Assignment
Pictures must not appear in the copy. Restate exactly the lines below from the one with "Tang & Associates Law Office, LLC" through the one with "Anti Inflammatory Turmeric Tonic", inclusive.

Material provided
============================================================

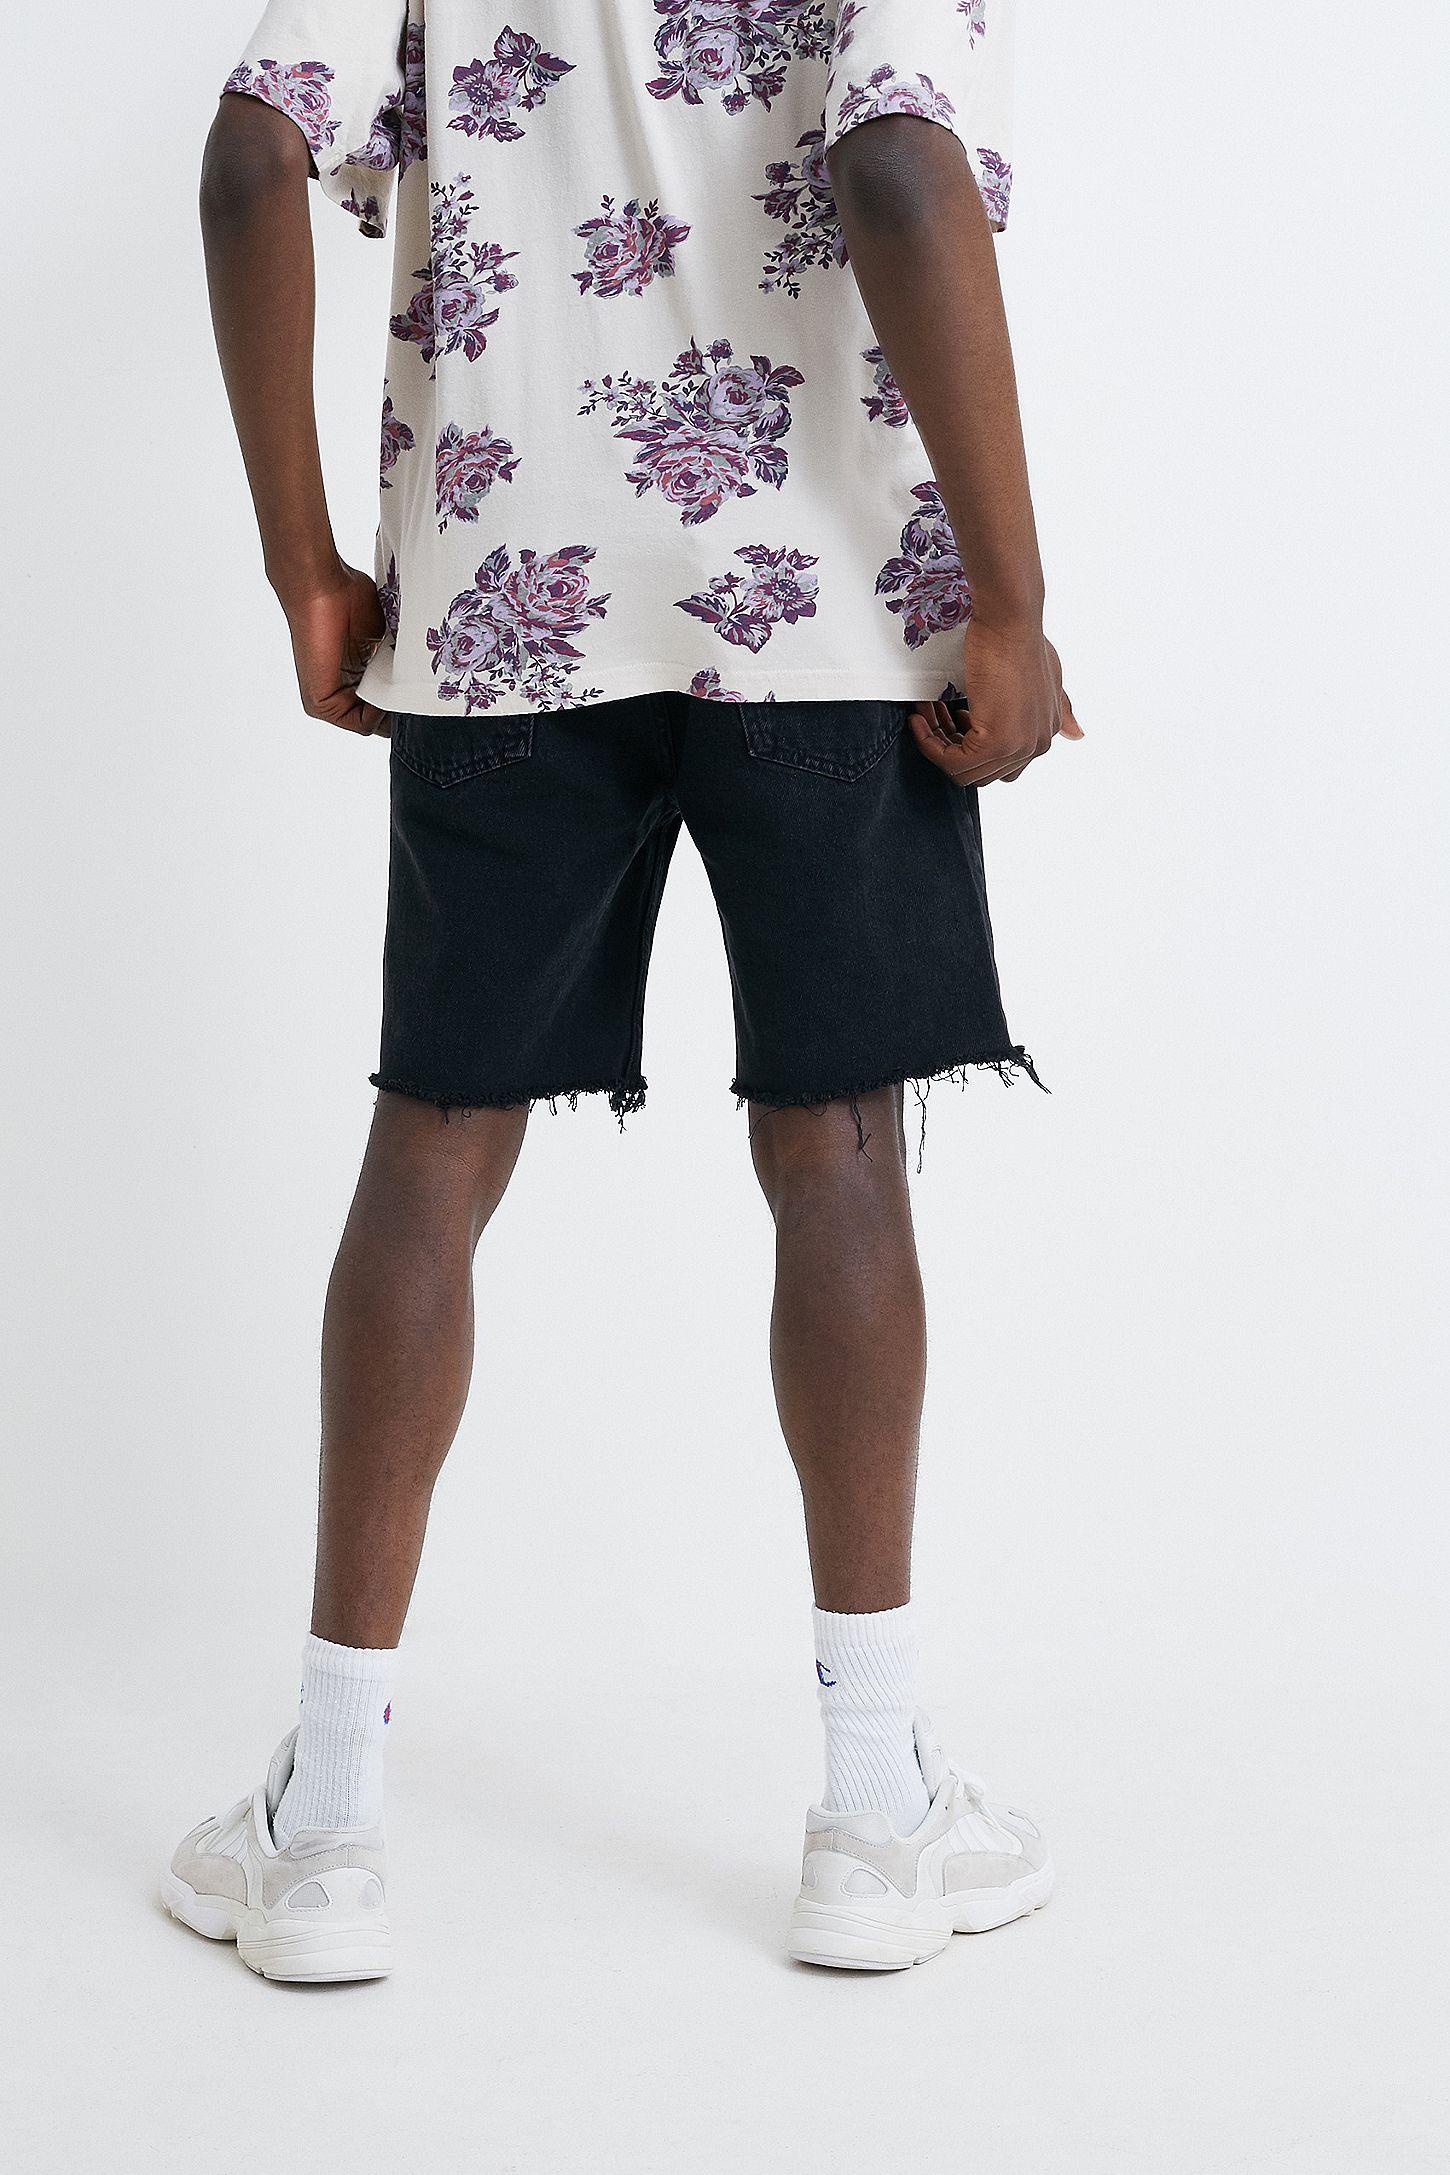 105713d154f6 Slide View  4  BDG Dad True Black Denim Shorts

============================================================

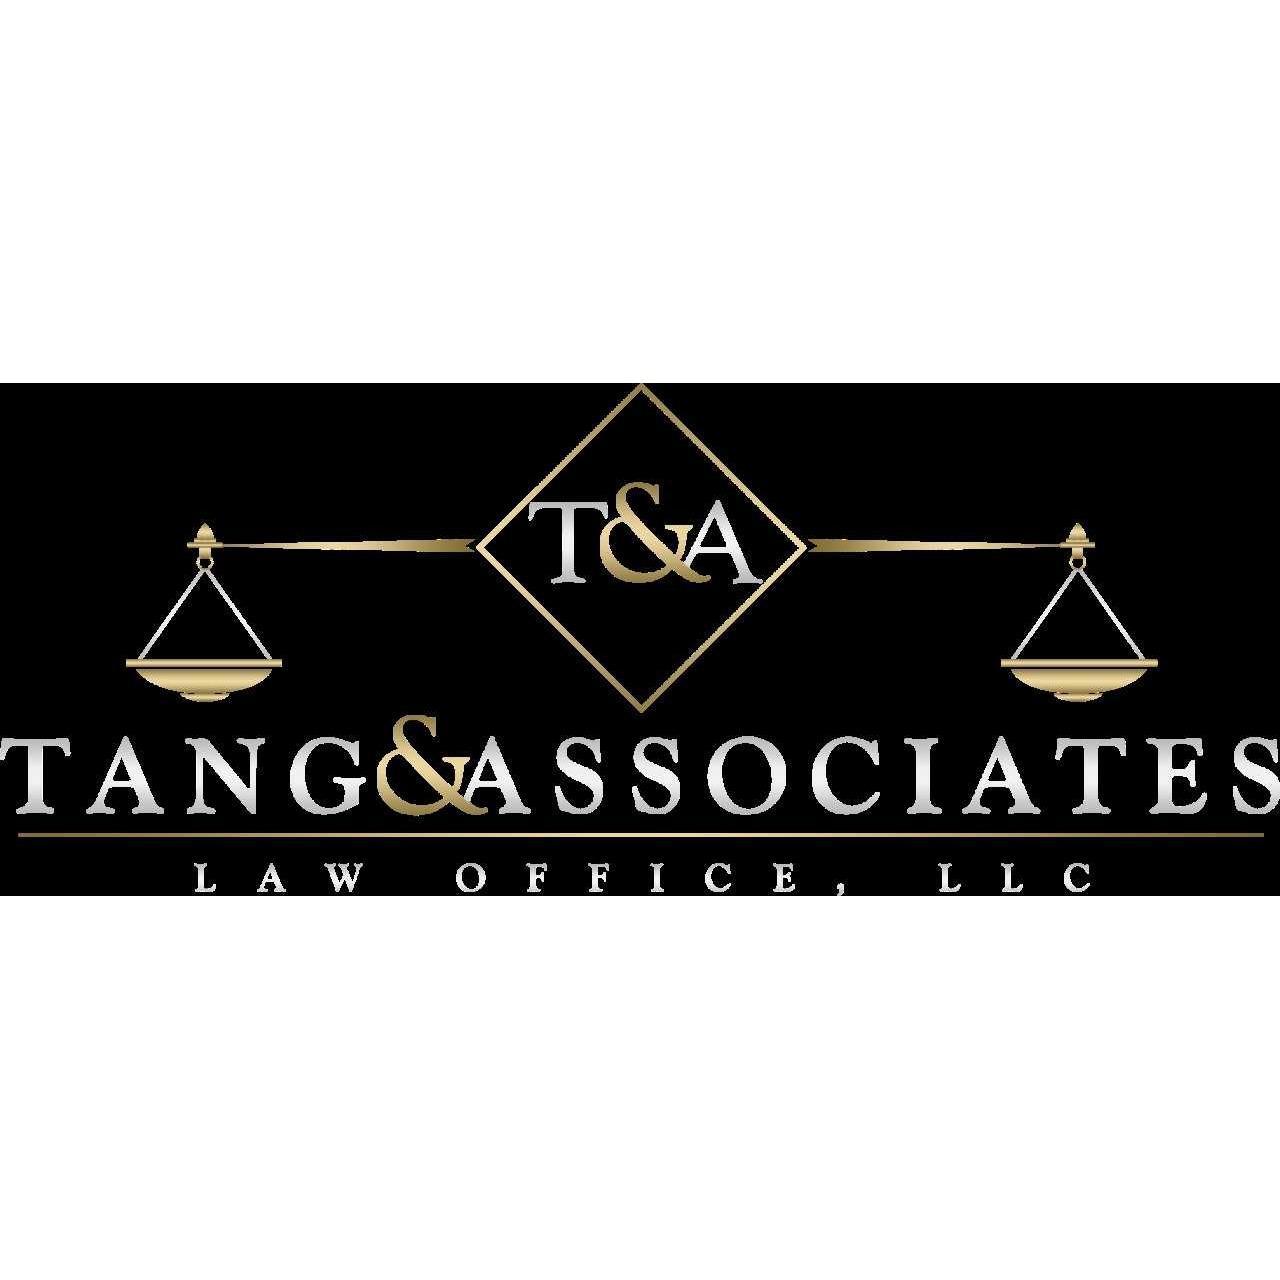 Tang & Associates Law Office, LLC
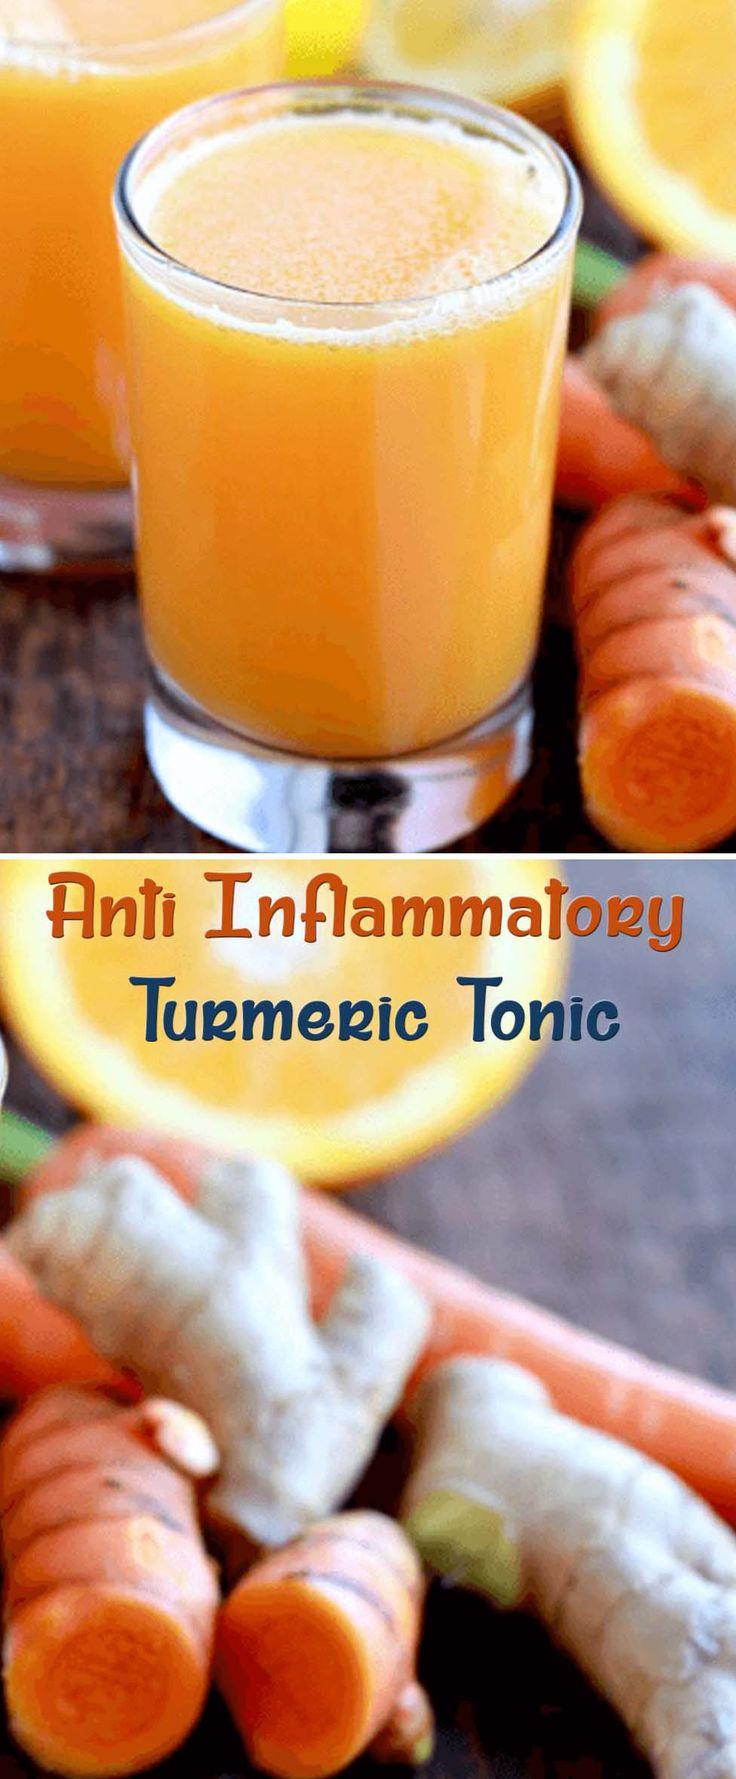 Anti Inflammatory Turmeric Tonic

============================================================

Output for this exercise
 Tang & Associates Law Office, LLC
 Anti Inflammatory Turmeric Tonic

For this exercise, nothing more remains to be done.